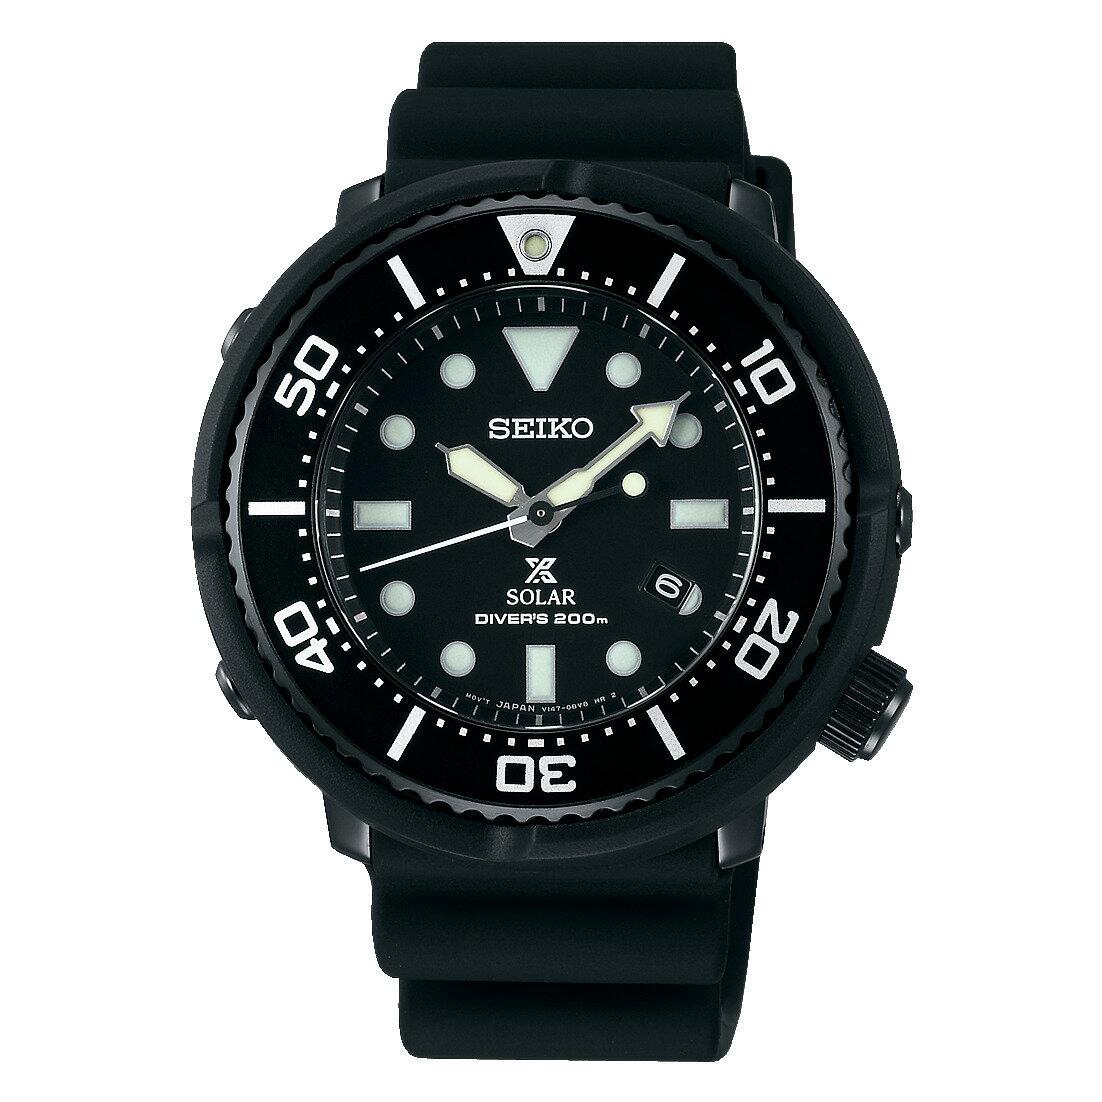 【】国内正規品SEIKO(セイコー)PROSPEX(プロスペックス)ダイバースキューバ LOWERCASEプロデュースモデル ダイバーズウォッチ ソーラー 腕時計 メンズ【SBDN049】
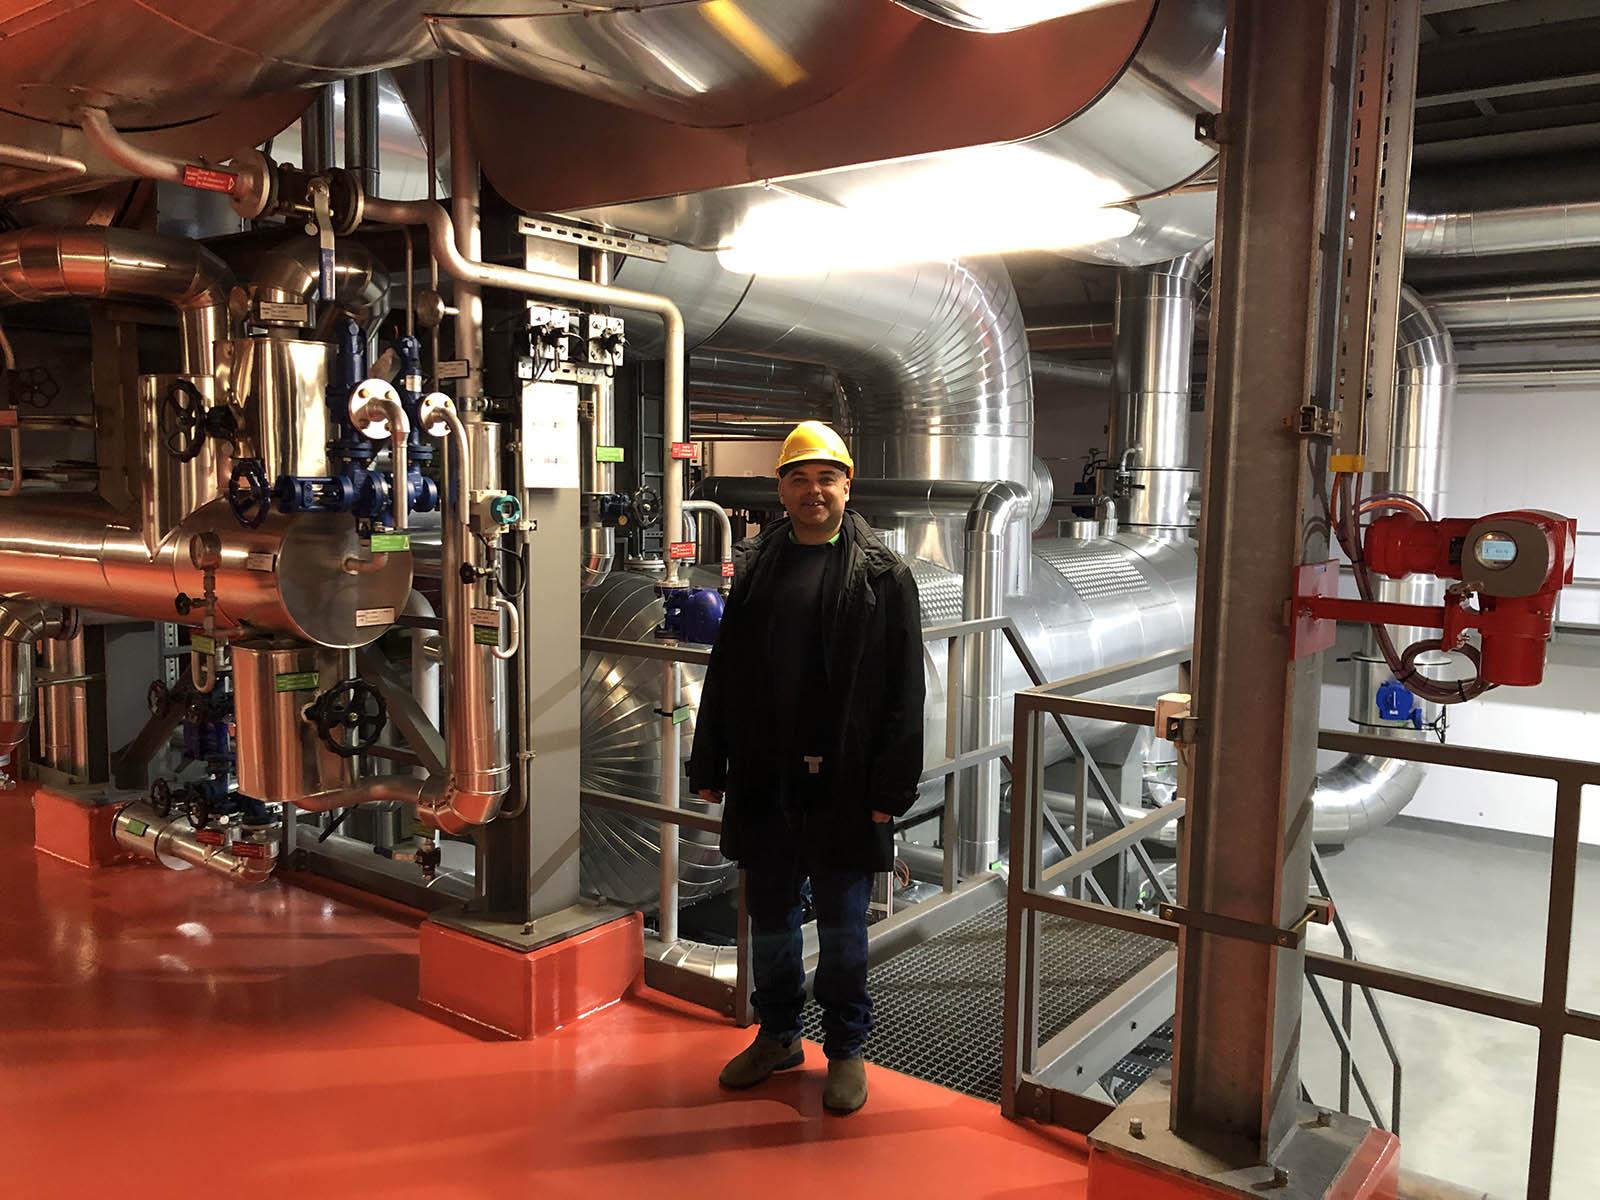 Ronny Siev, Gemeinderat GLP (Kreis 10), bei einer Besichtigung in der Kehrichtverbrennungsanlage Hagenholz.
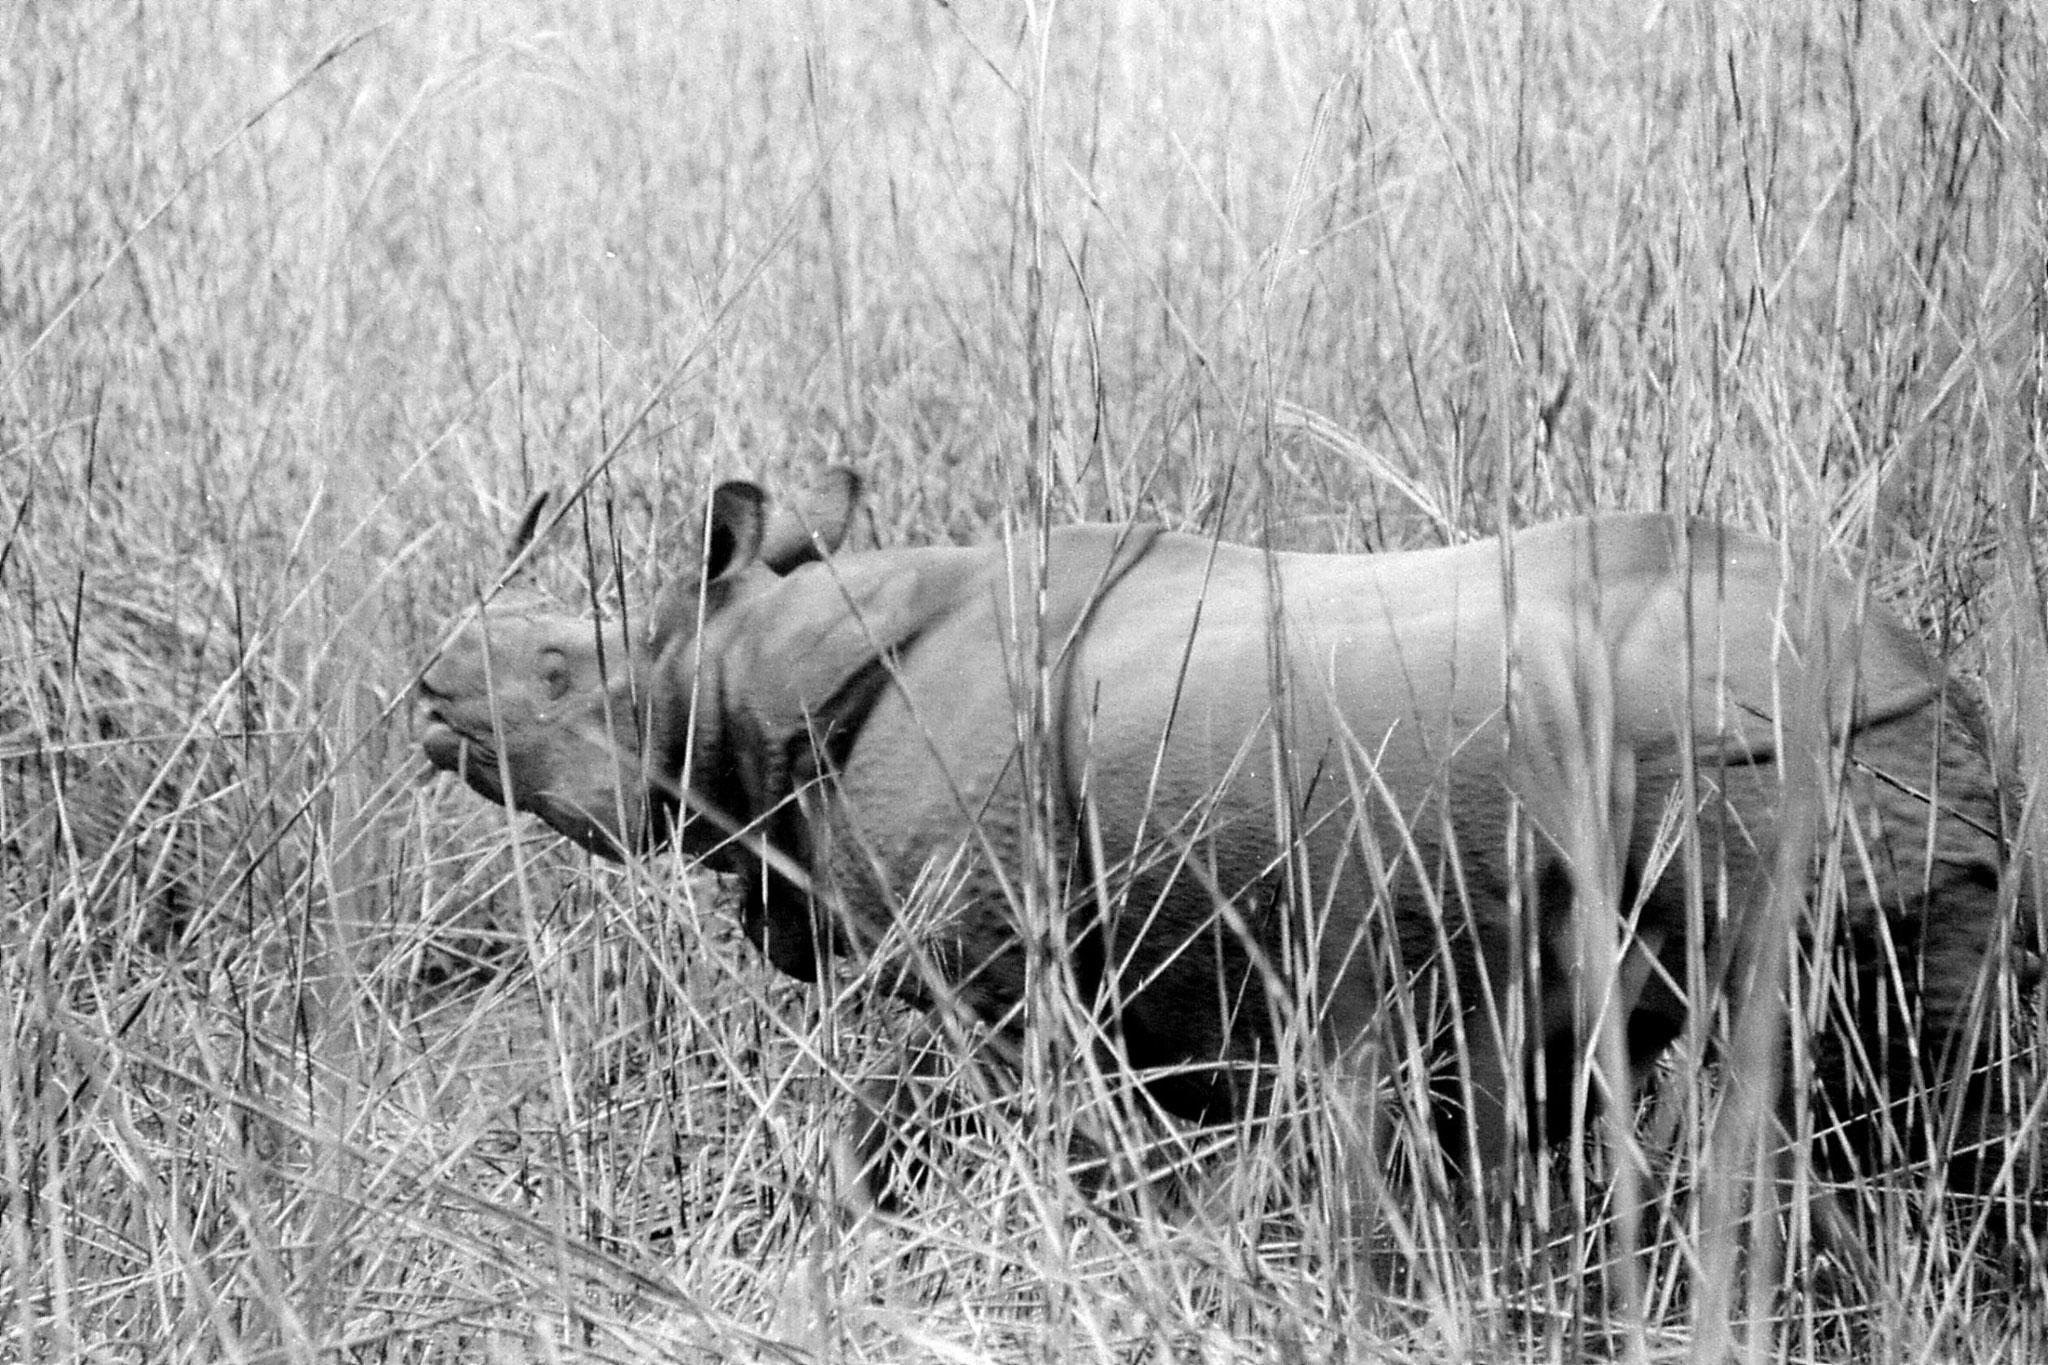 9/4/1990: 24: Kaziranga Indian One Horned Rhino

*-*-*

*What needs to be done:* When you copy the lines above, drop the pictures and keep everything else exact.

*Solution to this exercise:*
 【】国内正規品SEIKO(セイコー)PROSPEX(プロスペックス)ダイバースキューバ LOWERCASEプロデュースモデル ダイバーズウォッチ ソーラー 腕時計 メンズ【SBDN049】
 Ronny Siev, Gemeinderat GLP (Kreis 10), bei einer Besichtigung in der Kehrichtverbrennungsanlage Hagenholz.
 9/4/1990: 24: Kaziranga Indian One Horned Rhino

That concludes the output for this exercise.